Configure and Run FG Batch Tasks in MaxCompute via PyFG - Artificial Intelligence Recommendation - Alibaba Cloud - Artificial Intelligence Recommendation

A MaxCompute PyFG (Python Feature Generation) job generates complex features in offline batches and supports complex ODPS 2.0 data types, including lists, maps, floats, and integers. It uses a configuration file and command-line parameters to determine whether to bin the generated features.

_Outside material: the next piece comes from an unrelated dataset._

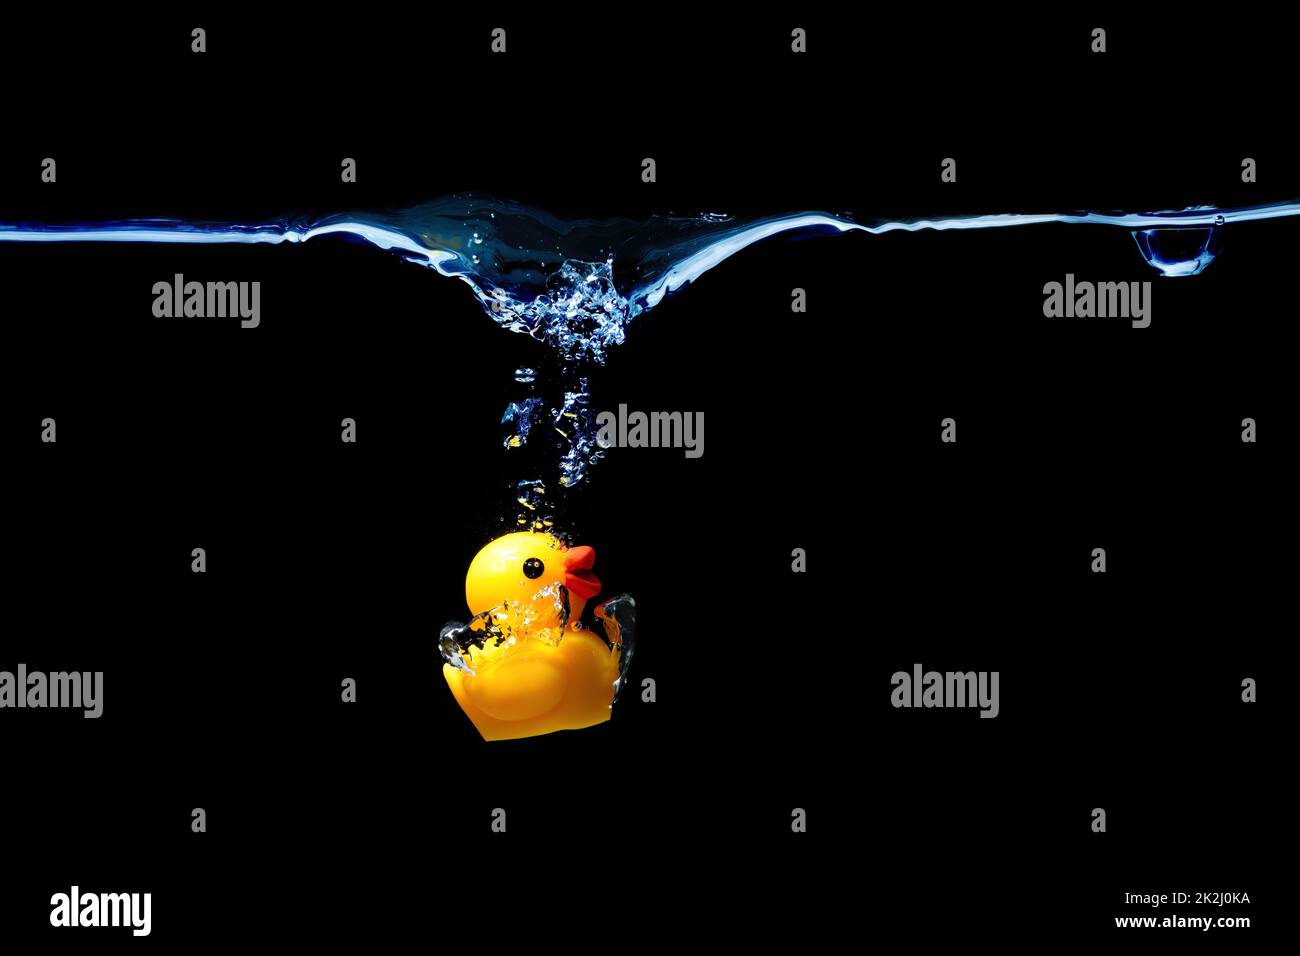 Toy duck splashing in water isolated on black background. Stock Photo

The end-to-end workflow has four stages:

Set up the runtime environment — install or configure the pyfg package on your resource group or local machine.
Upload resource files — upload fg.json and any operator-specific resource files to your MaxCompute project.
Create the output table — run a PyOdps3 node to create the output table before running the main task.
Run the offline task — run the Feature Generation (FG) job and verify the output.

Prerequisites

Before you begin, make sure you have:

A DataWorks workspace connected to a MaxCompute project
The fg.json configuration file generated by Configure features
Permissions to create and manage resources and tables in your MaxCompute project

Set up the runtime environment

Choose a setup method based on your DataWorks version and whether you need the latest version of pyfg:

Method	When to use	DataWorks version	Latest pyfg
General-purpose resource group image	Default choice; simplest setup	Any	Not guaranteed
Install pyfg via pip	Image not available or pyfg is outdated	Older versions	Yes
Customize a resource group image	Full control over the image environment	New version	Yes

Method 1: Use a general-purpose resource group image

In the DataWorks console, go to Scheduling Configuration > Resource Properties. Select a general-purpose resource group and choose the latest dataworks_pairec_task_pod image.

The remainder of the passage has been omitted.